[torquedev] Problem with TM interface in Torque 2.1.0p0

garrick at speculation.org garrick at speculation.org
Fri May 19 15:07:42 MDT 2006

On Fri, May 19, 2006 at 09:01:38AM -0400, Brock Palen alleged:
> Im jumping in the middle of this,  I represent the owners of teh PPC  
> cluster thats having the problem with TM and torque-2.1.0p0,  The  
> machine previously ran PBSPro, but we have been switching everything  
> (Linux OSX) to Torque+Moab  from PBSPro+Maui,  Bellow is the  
> requested information,

So you have some of your PPC nodes running Linux and some running OSX?
The problem happens on Linux, OSX, or both?  I have 0 experience with
Linux on PPC, but I do have some OSX boxes to play with over here.
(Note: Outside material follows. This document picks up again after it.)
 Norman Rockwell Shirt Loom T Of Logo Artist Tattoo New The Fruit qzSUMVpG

> aon:~ root# /home/software/torque-2.1.0p0/sbin/momctl -d 4 -h aon038
> Host: aon038.engin.umich.edu/aon038.engin.umich.edu   Version: 2.1.0p0
> job[407.aon.engin.umich.edu]  state=RUNNING  sidlist=24059
> Assigned CPU Count:     2

Job in running state, with 2 allocated CPUs.  Good..
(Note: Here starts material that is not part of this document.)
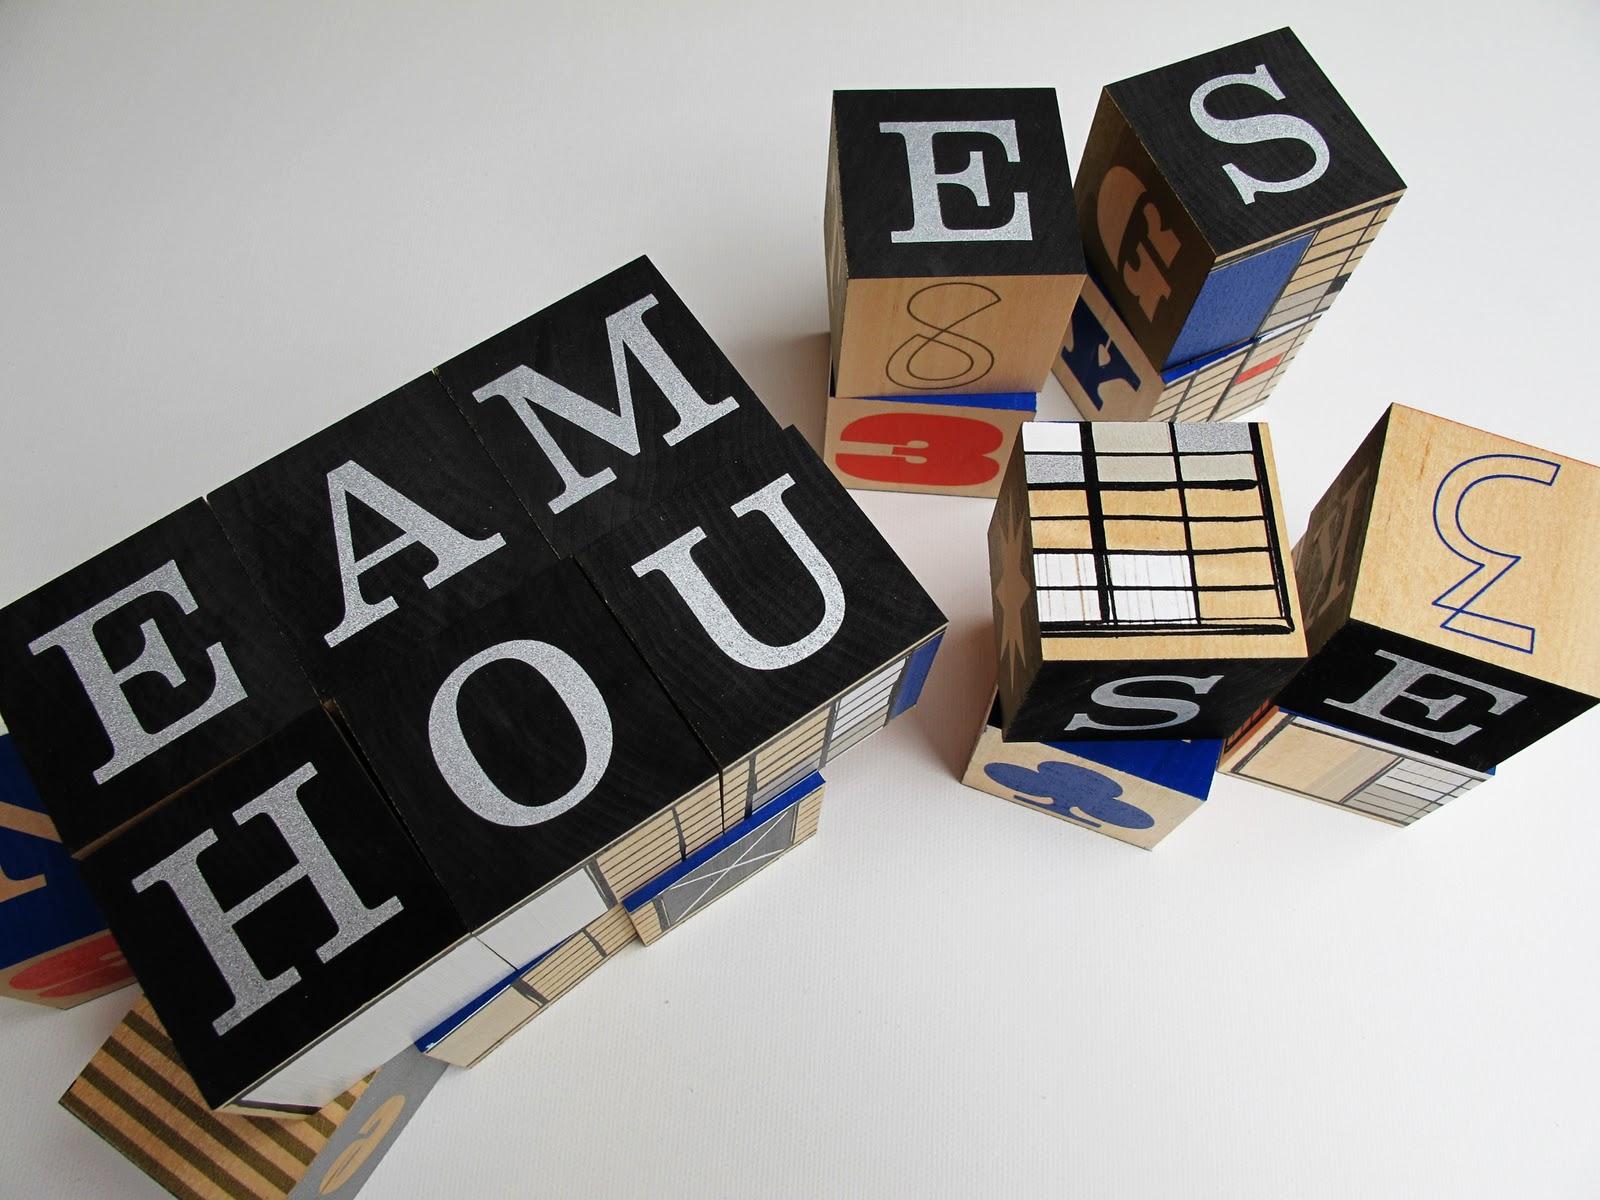 House industries eames font pack torrent rar for House industries eames

>     exec_host = aon038/1+aon038/0

exec_host is set, that's good.

So pbs_mom has the right info, but for some reason the nodelist isn't
getting passed back to TM clients.

>From reading the code, I still looks like that error message can only
come from a failed calloc(), but that isn't a reasonable precondition
given that you have no other complaints about your system.

I'll poke at an OSX box here.